Hamelin City Archive

The homeland as a war front 

N.N. | Karl Sassenberg, June 1941

Air raid attacks carried the war deep into enemy territory. Hamelin, mostly only flown over by bombers heading eastwards, experienced this directly for the first time on the night of 17th to 18th June 1941. 24 people died in Walthausenstraße and Stüvestraße. The regime commemorated them three days later at the Lüttgen Markt as war “heroes”. 

Hamelin City Archive

 

We bid farewell to [the dead] by once more rallying around the Führer and vowing to him to fight to the last and if necessary to make the same sacrifice as they have made for us.

District leader Hartmann Lauterbacher in his eulogy to bombing victims, 21.6.1941

 

Certificate, people’s gas mask

Hamelin, 1941 | 1941

It was already clear in the 1930s that a “modern” war would bring bombing attacks on the civilian population. When Margarete Matthias trained as a civilian air defence assistant in 1941, these attacks had long been a reality.  

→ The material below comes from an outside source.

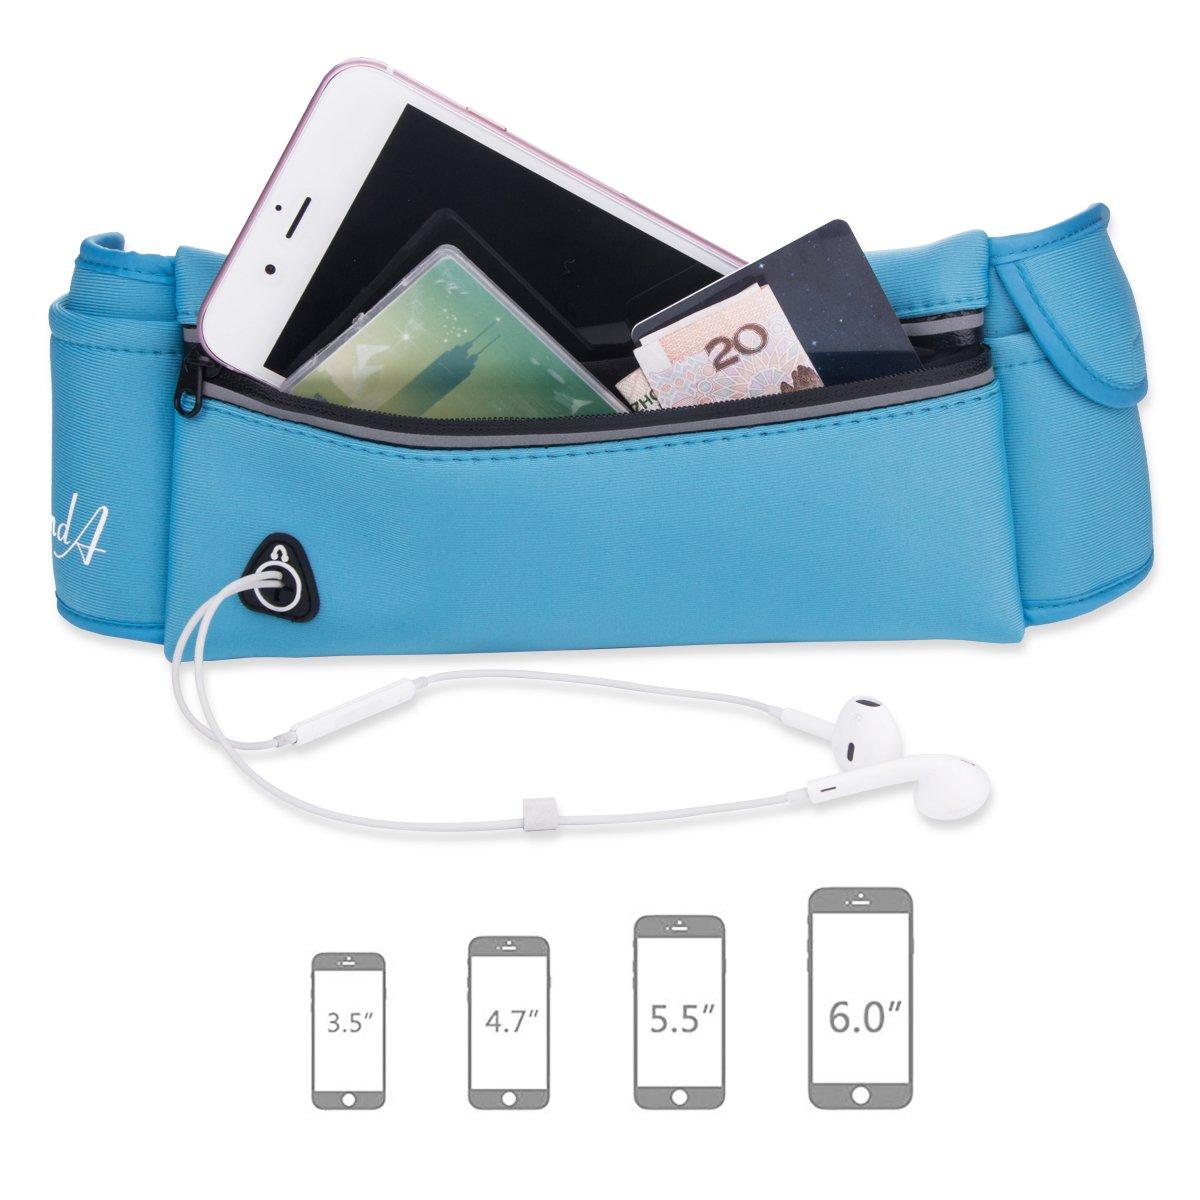 RundA Riñonera para correr, resistente al agua, cinturón, cintura, ajustable, con auriculares, conector para teléfonos iPhone, Android, Windows, azul

Since the dropping of chemical warfare agents was feared, until the end of the war over 40 million “people’s gas masks” were distributed among the population. This one belonged to Heinz M. from Holtensen.

Coffee grinder

Remscheid, after 1932

When the bombing attacks on Dortmund became increasingly deadly in 1943, Gisela R. was taken in by her uncle and aunt in Hamelin. She now lived without her parents and siblings in an unfamiliar city. She took the attractive grinder with her as a reminder of her family far away in the Ruhr region. It went with her for comfort into the cellar in Hamelin during each air raid alert.

When her family’s home in Dortmund was bombed, her mother and siblings travelled with almost nothing to Hamelin to stay with the relatives. The R. family remained in Hamelin after the end of the war.